Temperature scaling, popular for neural networks, divides the pre-sigmoid logit by a learned temperature parameter $T$:

$$ \hat{p}_{\text{calibrated}} = \sigma\left(\frac{z}{T}\right) $$

where $z$ is the logit (pre-sigmoid output) and $T > 0$ is the temperature.

$T > 1$: softens predictions (moves them toward 0.5), correcting overconfidence.
$T < 1$: sharpens predictions (moves them toward 0 or 1), correcting underconfidence.
$T = 1$: no change.

Temperature scaling has only one parameter, making it very resistant to overfitting, but it can only apply a global shift — it cannot fix calibration issues that differ across the probability range.

from scipy.optimize import minimize_scalar

def temperature_scaling(logits_val, y_val, logits_test):
    """Learn temperature on validation set, apply to test set."""
    def nll(T):
        scaled = 1 / (1 + np.exp(-logits_val / T))
        scaled = np.clip(scaled, 1e-7, 1 - 1e-7)
        return -np.mean(y_val * np.log(scaled) + (1 - y_val) * np.log(1 - scaled))

    result = minimize_scalar(nll, bounds=(0.1, 10.0), method='bounded')
    T_opt = result.x
    print(f"Optimal temperature: {T_opt:.3f}")

    return 1 / (1 + np.exp(-logits_test / T_opt))

23.6.6 Python Calibration Pipeline

def full_calibration_pipeline(model_name, probs_val, probs_test, y_val, y_test):
    """Complete calibration pipeline with evaluation."""
    results = {}

    # Uncalibrated
    results['Uncalibrated'] = {
        'brier': brier_score_loss(y_test, probs_test),
        'logloss': log_loss(y_test, probs_test),
    }

    # Platt scaling
    probs_platt = platt_scaling(probs_val, y_val, probs_test)
    results['Platt'] = {
        'brier': brier_score_loss(y_test, probs_platt),
        'logloss': log_loss(y_test, probs_platt),
    }

    # Isotonic regression
    probs_iso = isotonic_calibration(probs_val, y_val, probs_test)
    results['Isotonic'] = {
        'brier': brier_score_loss(y_test, probs_iso),
        'logloss': log_loss(y_test, probs_iso),
    }

    results_df = pd.DataFrame(results).T
    print(f"\n{model_name} Calibration Results:")
    print(results_df.to_string())

    return results_df

# Run calibration for each model
full_calibration_pipeline('XGBoost', xgb_probs_val, xgb_probs_test, y_val, y_test)
full_calibration_pipeline('Random Forest', rf_probs_val, rf_probs_test, y_val, y_test)
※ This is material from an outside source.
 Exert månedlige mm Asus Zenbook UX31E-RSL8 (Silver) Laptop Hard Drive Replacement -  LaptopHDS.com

23.6.7 Practical Advice on Calibration

Always calibrate. Even if the model seems calibrated on the training set, check on held-out data.
Use a separate calibration set. Do not calibrate on the same data used for hyperparameter tuning. The pipeline is: train set → model training; validation set → hyperparameter tuning; calibration set → calibration fitting; test set → final evaluation.
Platt scaling is safer with small data. With fewer than 500 calibration samples, prefer Platt scaling over isotonic regression.
Temperature scaling for neural nets. If your model is a neural network, try temperature scaling first — it is simple and effective.
Recalibrate periodically. As the data distribution shifts (concept drift), calibration can degrade. Recalibrate on recent data.
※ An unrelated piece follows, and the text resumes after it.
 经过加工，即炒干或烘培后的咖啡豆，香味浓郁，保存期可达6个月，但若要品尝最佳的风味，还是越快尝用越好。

23.7 Model Interpretability with SHAP

23.7.1 Why Interpretability Matters for Trading

In prediction markets, model interpretability serves multiple purposes:

Trust. Before risking money on a model's prediction, you want to understand why it made that prediction. A model that predicts 85% on a political outcome should have interpretable reasons — high approval rating, strong economy, weak challenger.
Debugging. If a model makes a surprising prediction, SHAP values can reveal whether it is capturing a genuine signal or exploiting a data artifact.
Regulatory and ethical considerations. In some prediction market contexts, understanding why a model makes predictions can be important for compliance.
Feature engineering feedback. SHAP analysis can reveal which features are most valuable, guiding further feature engineering.
Communicating to stakeholders. If you manage a fund that trades prediction markets, explaining model decisions to investors requires interpretability.
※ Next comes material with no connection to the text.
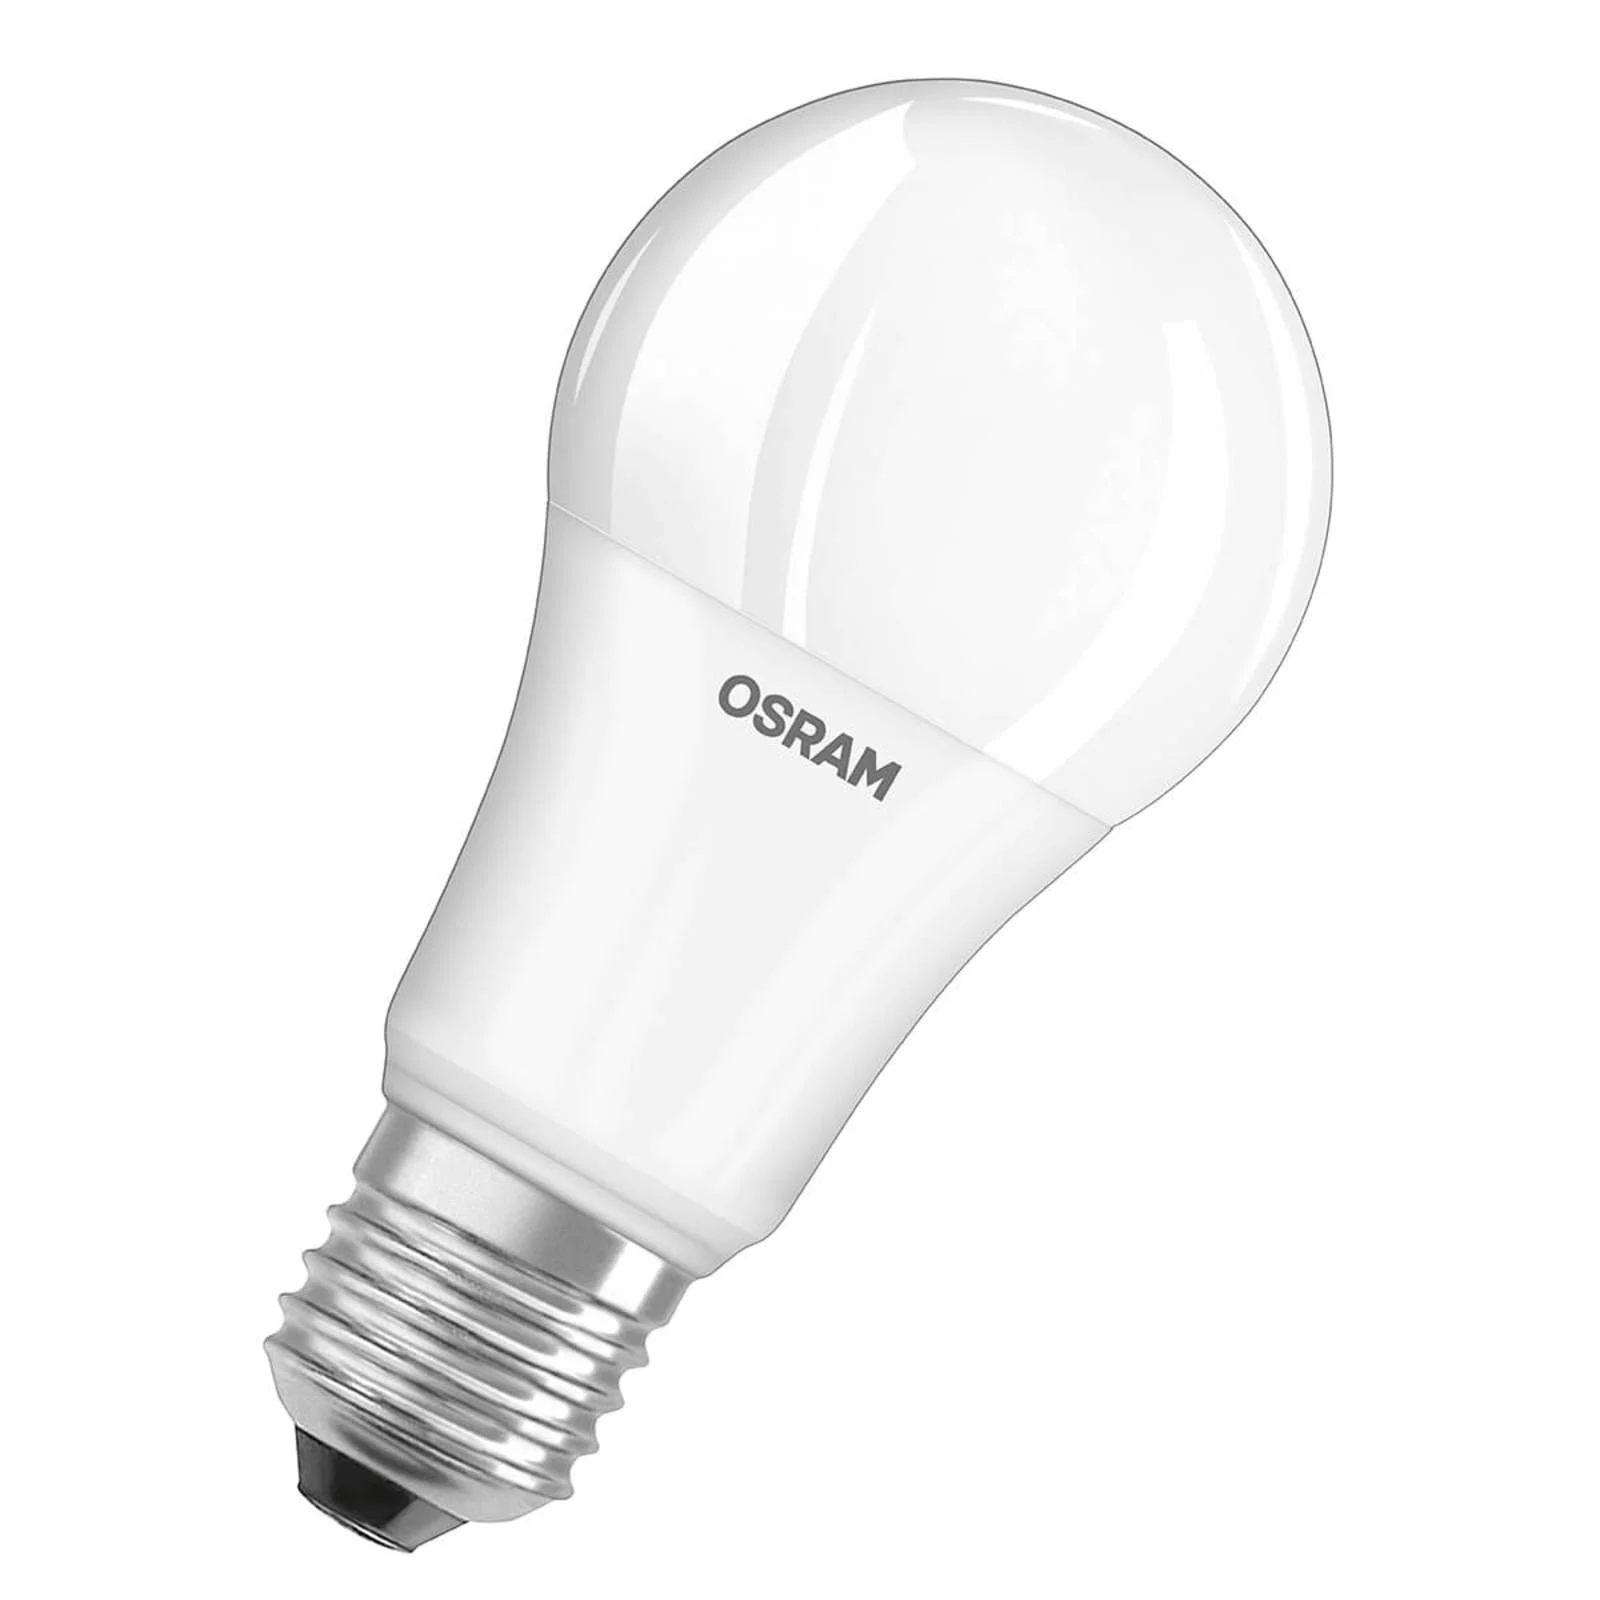 LED-Lampe E27 14W, warmweiß, 3er-Set günstig online kaufen

23.7.2 SHAP Values Explained Intuitively

SHAP (SHapley Additive exPlanations) values are based on Shapley values from cooperative game theory. The idea is to fairly distribute the model's prediction among the input features.

For a prediction $f(x)$, the SHAP value $\phi_j$ for feature $j$ satisfies:

$$ f(x) = \phi_0 + \sum_{j=1}^{M} \phi_j $$

where $\phi_0$ is the base value (the average prediction across all data) and $\phi_j$ is the contribution of feature $j$ to the prediction for this specific instance.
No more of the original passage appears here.